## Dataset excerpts
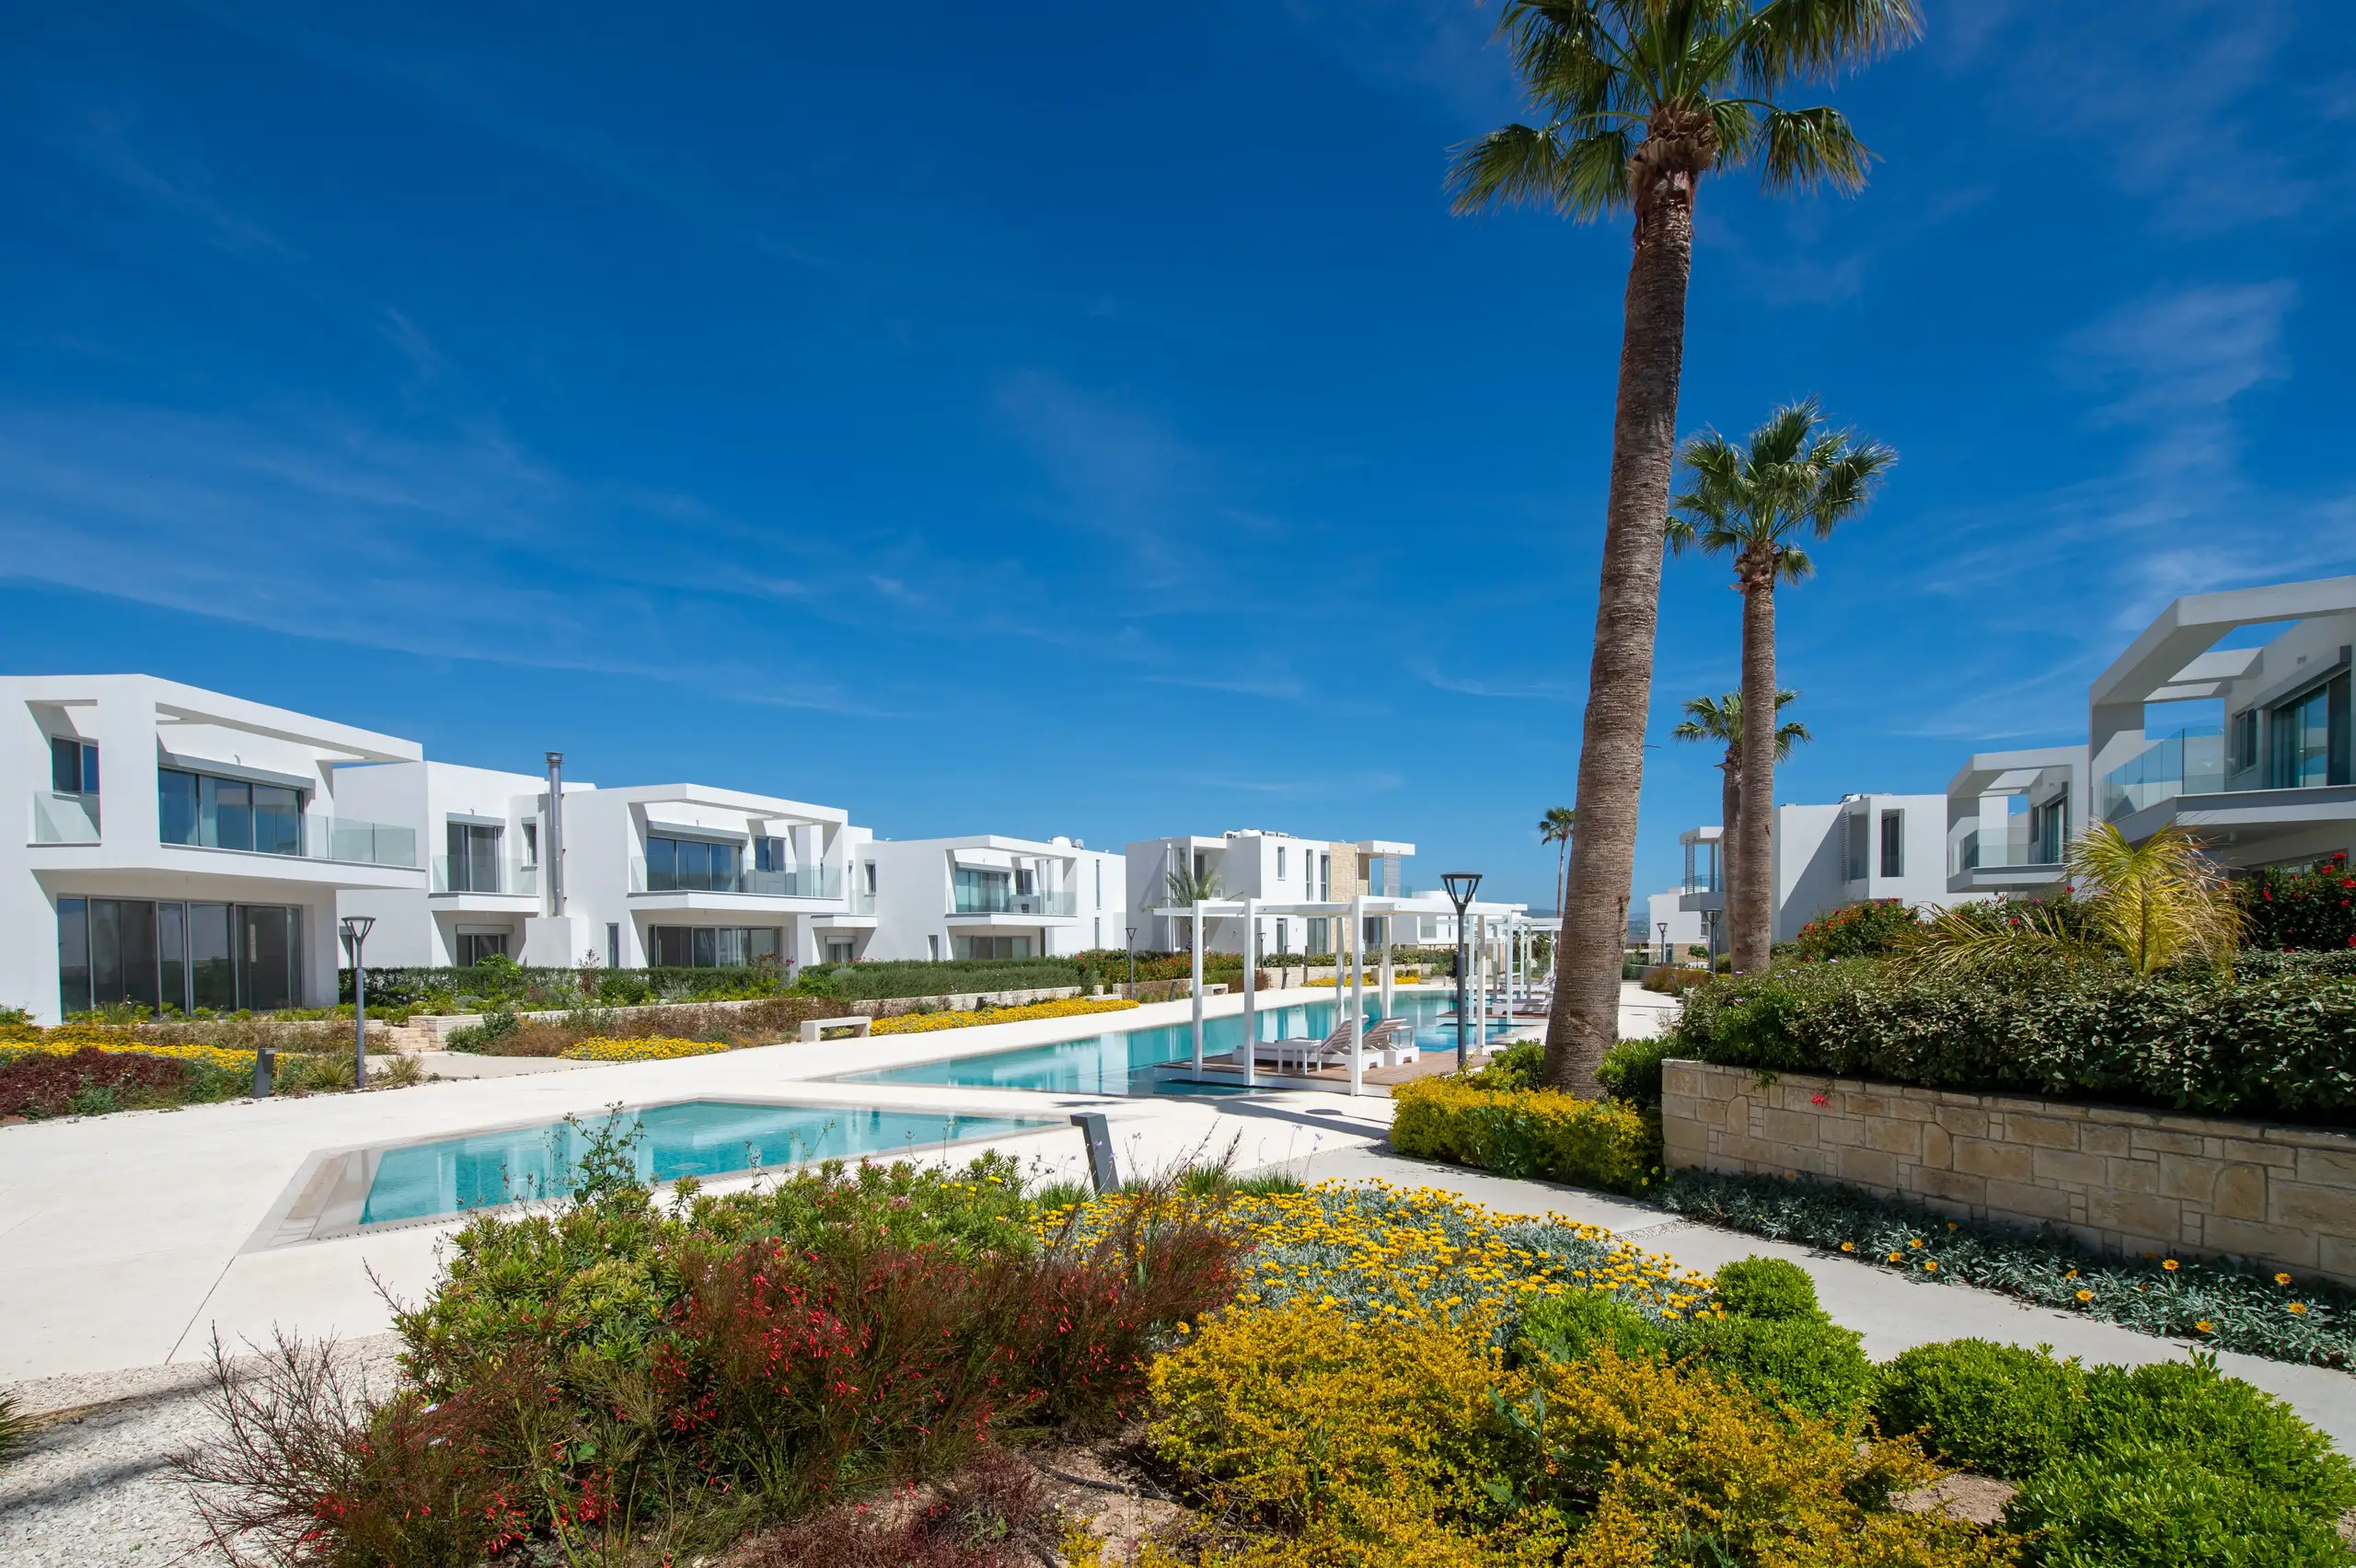 Acropolis Homes - Coral Seas Villas - Biuro Nieruchomości - Zdjęcie Nieruchomości - Osiedle
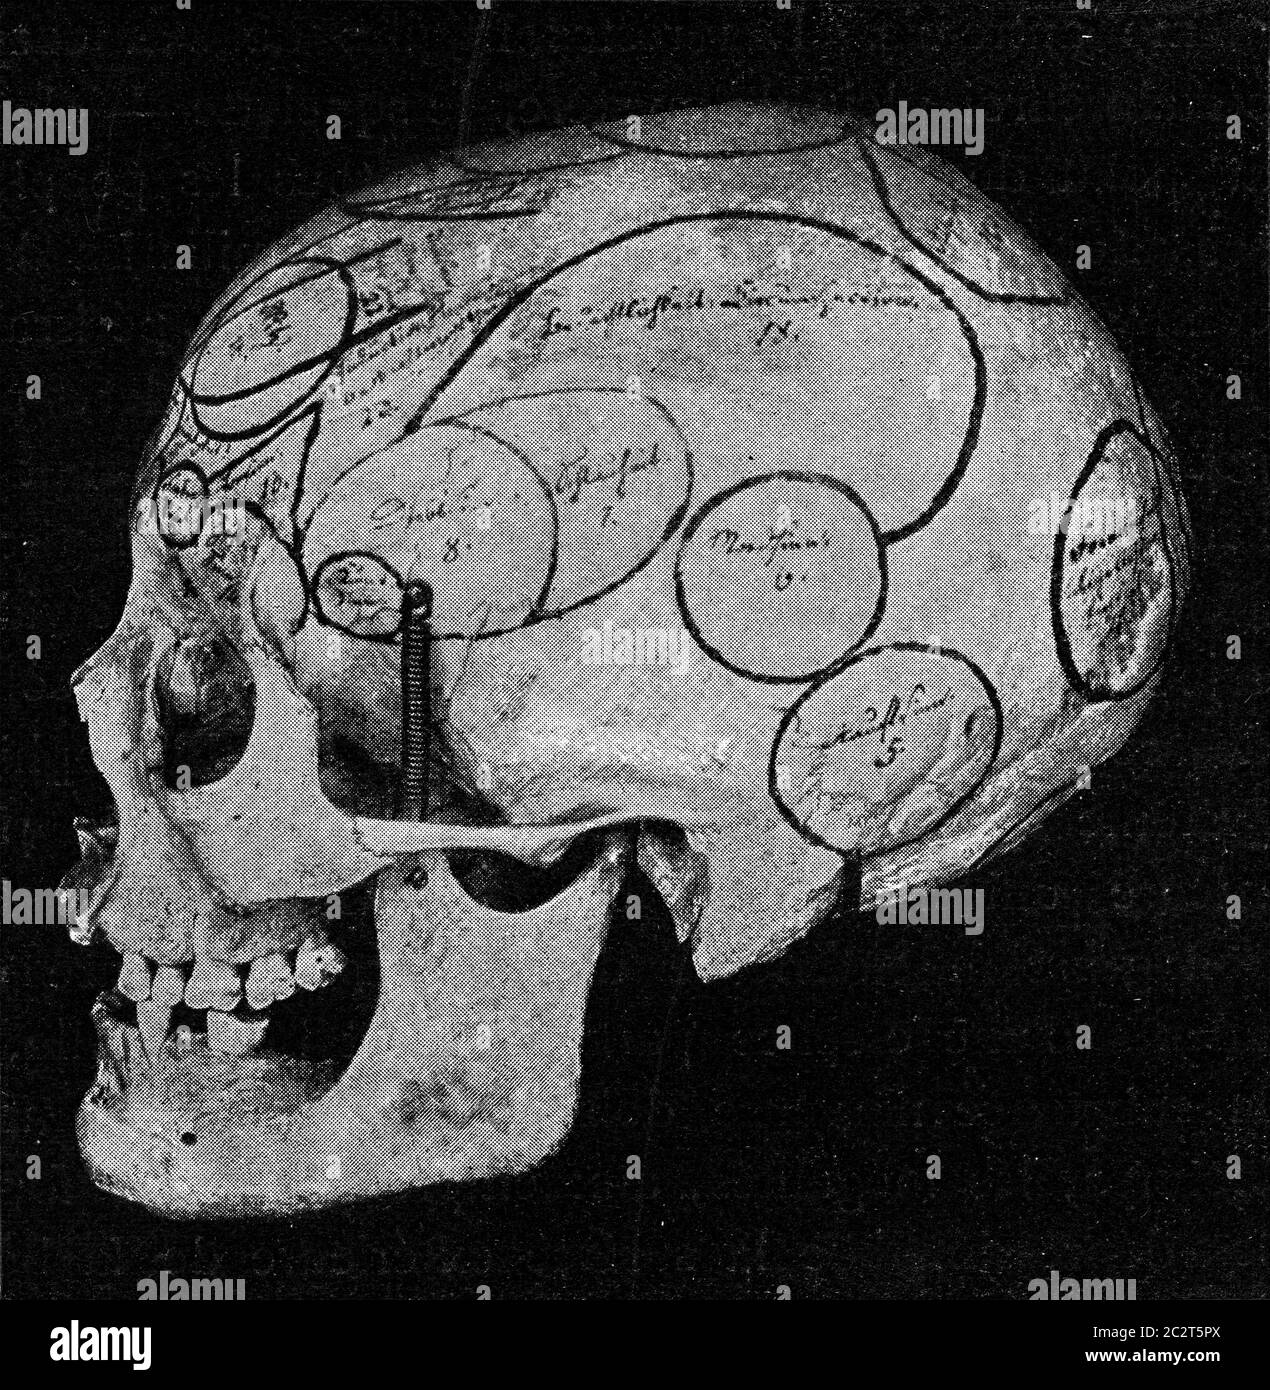 Schädel mit Angabe von Galle-Organen von der Seite und vom Rücken, Vintage-gravierte Abbildung. Aus dem Universum und der Menschheit, 1910. Stockfoto
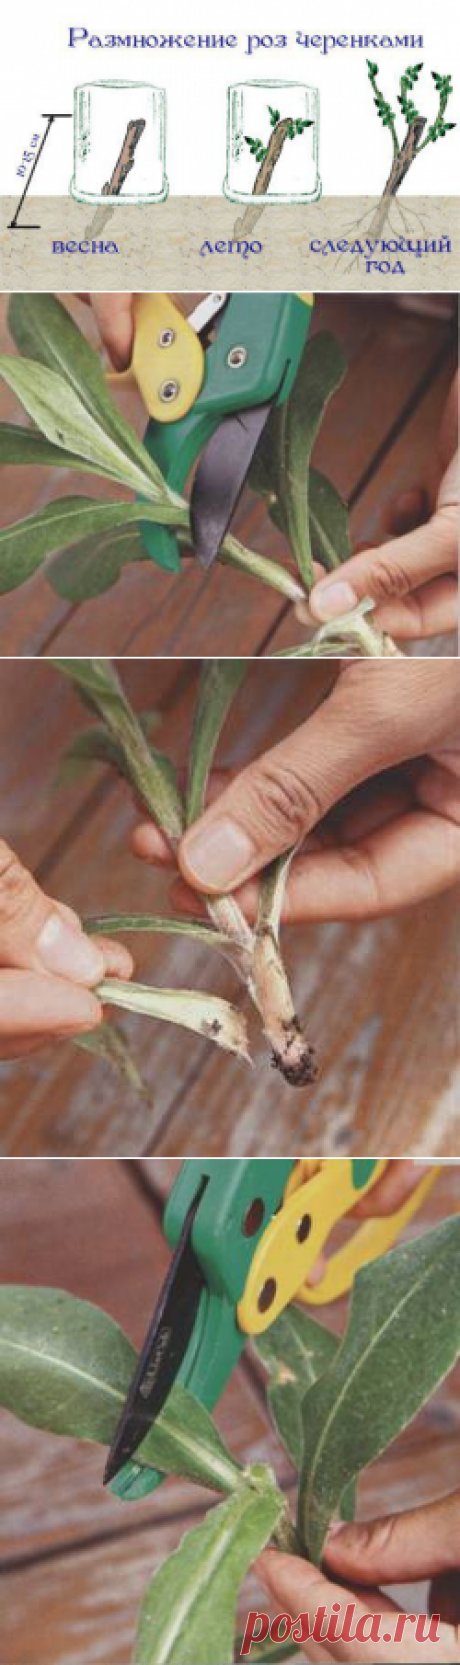 Размножение цветов черенкованием — 6 соток
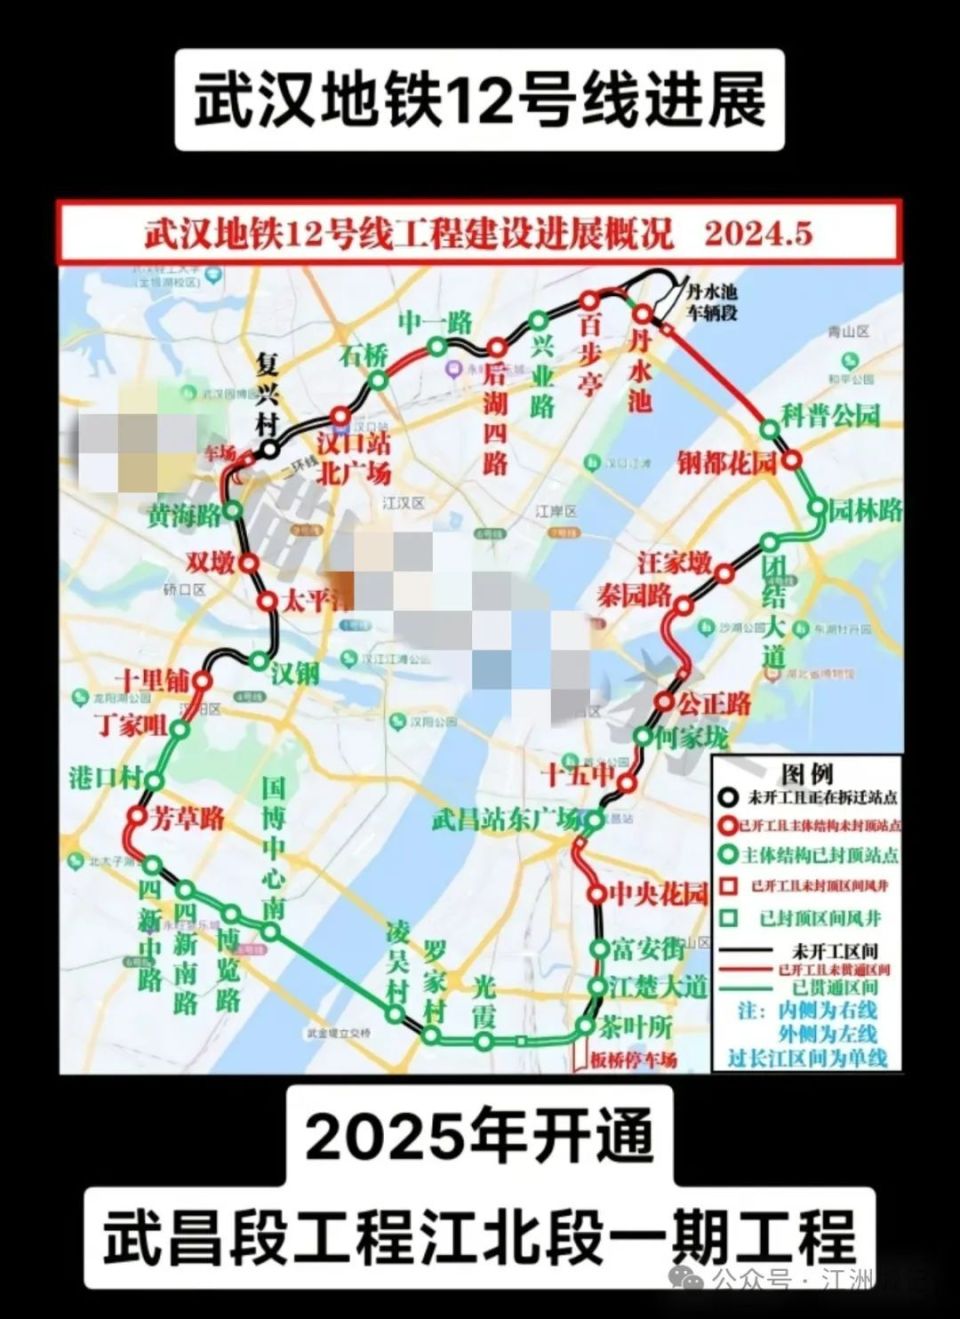 武汉地铁12号线进展:武昌段,汉阳段2025年底有望开通!
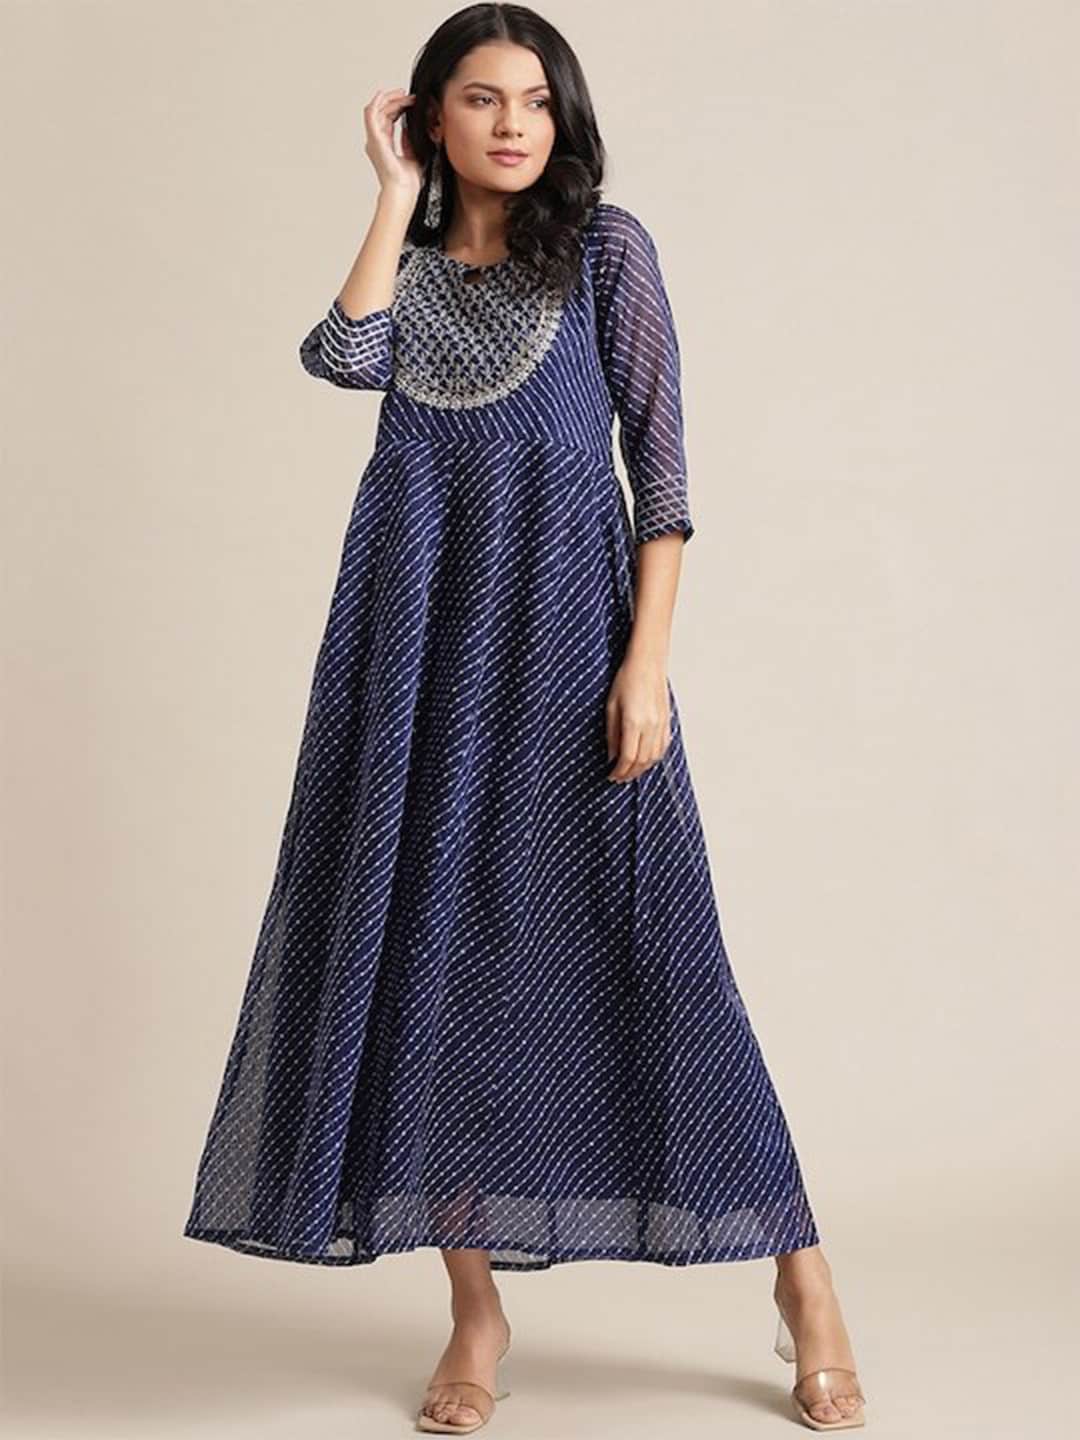 Varanga Ethnic Motifs Ethnic Maxi Dress Price in India

## EXERCISE GOAL
Leave every picture out and copy precisely the lines from the one containing "Schädel mit Angabe" through the last line of the data above, both ends included.

## OUTPUT FOR THIS TASK
 Schädel mit Angabe von Galle-Organen von der Seite und vom Rücken, Vintage-gravierte Abbildung. Aus dem Universum und der Menschheit, 1910. Stockfoto
 Размножение цветов черенкованием — 6 соток
 武汉地铁12号线进展:武昌段,汉阳段2025年底有望开通!
 Varanga Ethnic Motifs Ethnic Maxi Dress Price in India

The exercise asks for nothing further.